Je réussis à accrocher de mes yeux le regard de ce visage grimaçant, avec sa bouche à moitié ouverte. Le petit être était sans vie mais j’ignorais si la Mort l’avait emporté, bien que l’on eût dit qu’elle s’était déjà emparée de ses pupilles dilatées. Mais c’est le vrombissement d’une voiture venant droit sur moi qui me sortit de mes divagations : j’étais là, avec le corps inerte d’une pauvre enfant à terre, en plein milieu d’une voie rapide. Je me mis à côté d’elle comme pour la couvrir, essayant du mieux que je pouvais de la protéger des véhicules qui déboulaient à toute vitesse face à moi : je ne savais pas s’il y avait encore un espoir, mais en tout cas, je voulus le garder. Les badauds qui se prélassaient sur l’herbe, à flanc de montagne, commençaient à se lever pour voir ce qui se passait en bas, tandis que j’agitais les bras dans tous les sens, pareil à un épouvantail d’autoroute, afin d’être visible et de préserver le corps de l’enfant. Je faisais alors zigzaguer les voitures adverses vers des courbes improbables, dans un vacarme insupportable de klaxons et de coups de freins.

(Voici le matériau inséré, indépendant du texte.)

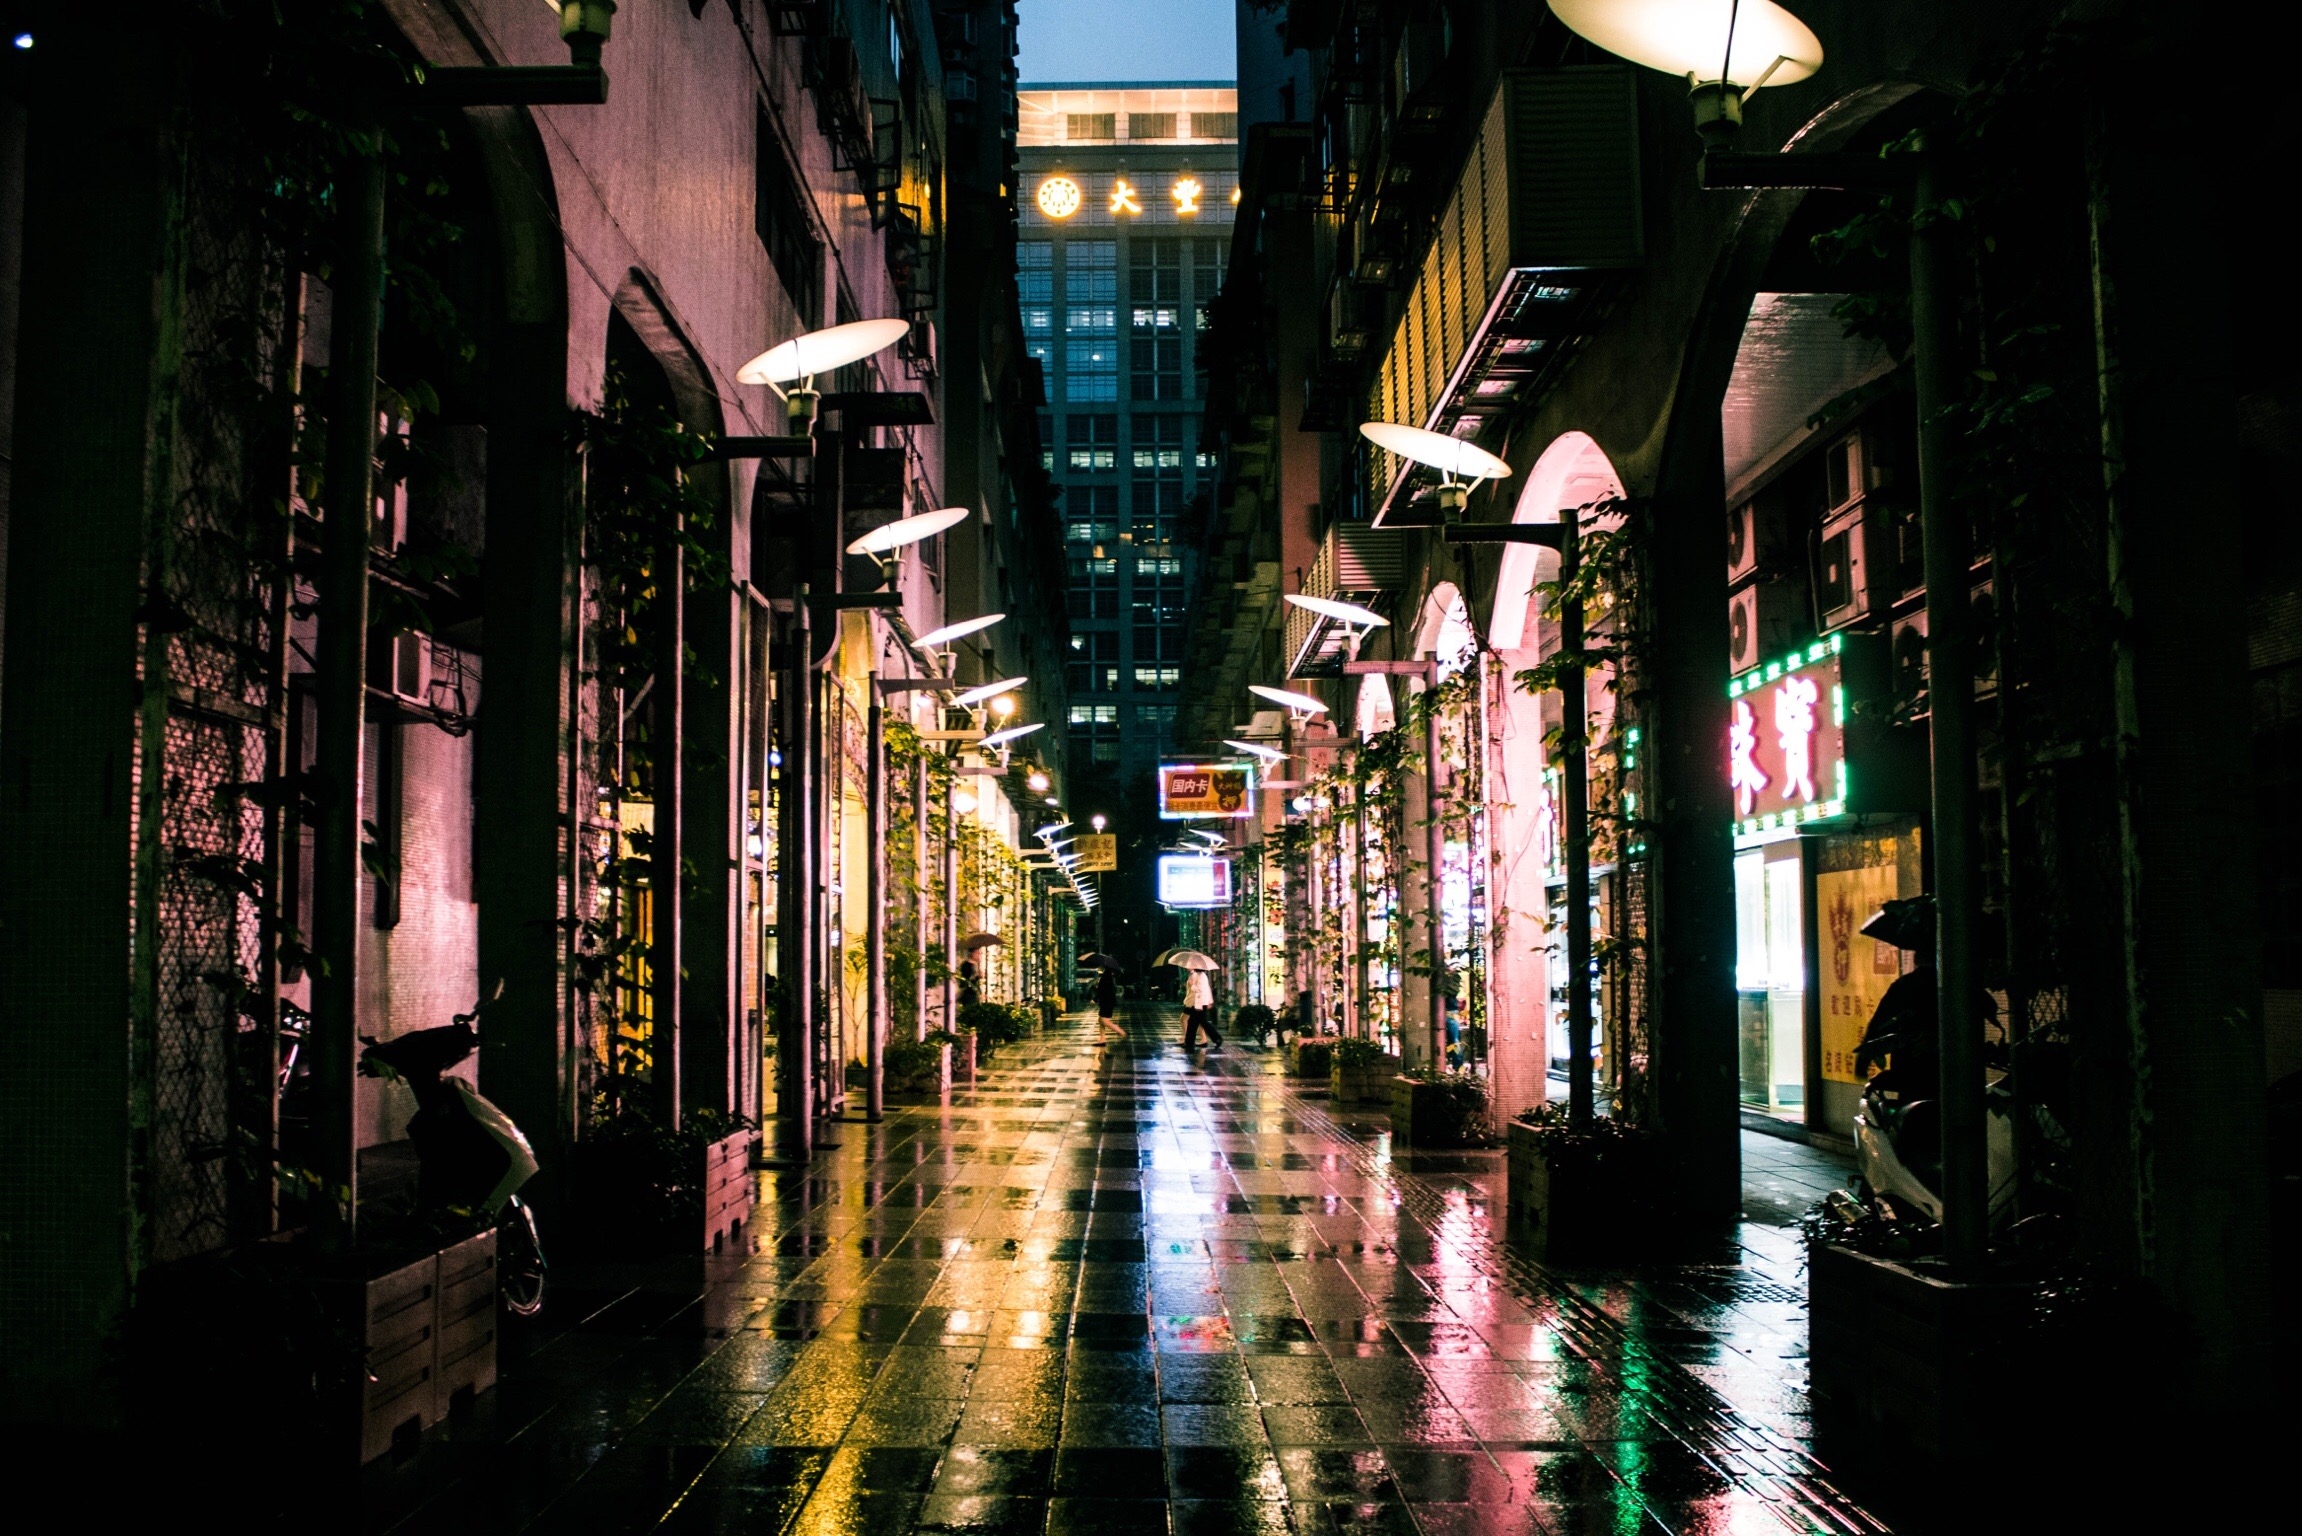 dark empty street in an Asian city at night, illustrating the connection between COVID-19 and human trafficking, where much the exploitation moved to online virtual spaces

Un véhicule ralentit progressivement jusqu’à ce que je pusse apercevoir Monsieur M au volant d’un gros Hummer. Il s’arrêta à mon niveau et baissa la fenêtre de son passager, qui était ce jour-là une ravissante créature, de celles qu’il avait l’habitude de transporter avec lui ; son regard bleu et inattentif resta froid alors que Monsieur M m’apostropha après avoir analysé la situation, et vu la bambine au sol :
« C’est rien, mec, ça va aller pour elle. Tu sais ce que tu vas faire ? Tu vas la prendre avec toi et l’amener jusqu’à la plage. Là-bas, tu la déposes dans l’eau, comme ça, ça permettra de disperser les poissons autour d’elle. Voilà, allez, bon courage ! ».
Et il redémarra aussitôt.

    
Derrière moi, un attroupement s’était formé. Je ne vis pas ma famille ni ma cousine, mais sa mère qui s’approchait lentement, tremblant et hésitant, alors qu’elle ne me quittait pas des yeux. Elle regarda sa fille à la peau si noire, si belle. Puis, la voyant changer de couleur, elle laissa échapper une longue larme discrète, presque mécanique. Le minuscule cadavre gonflait comme un ballon, et les joues de l’enfant semblaient faire d’elle une petite poupée. Progressivement. Il n’y avait plus de miracle possible pour elle. Quand bien même sa mère n’eût pas que le nom d’une sainte ce jour-là ; elle en obtint aussi le regard.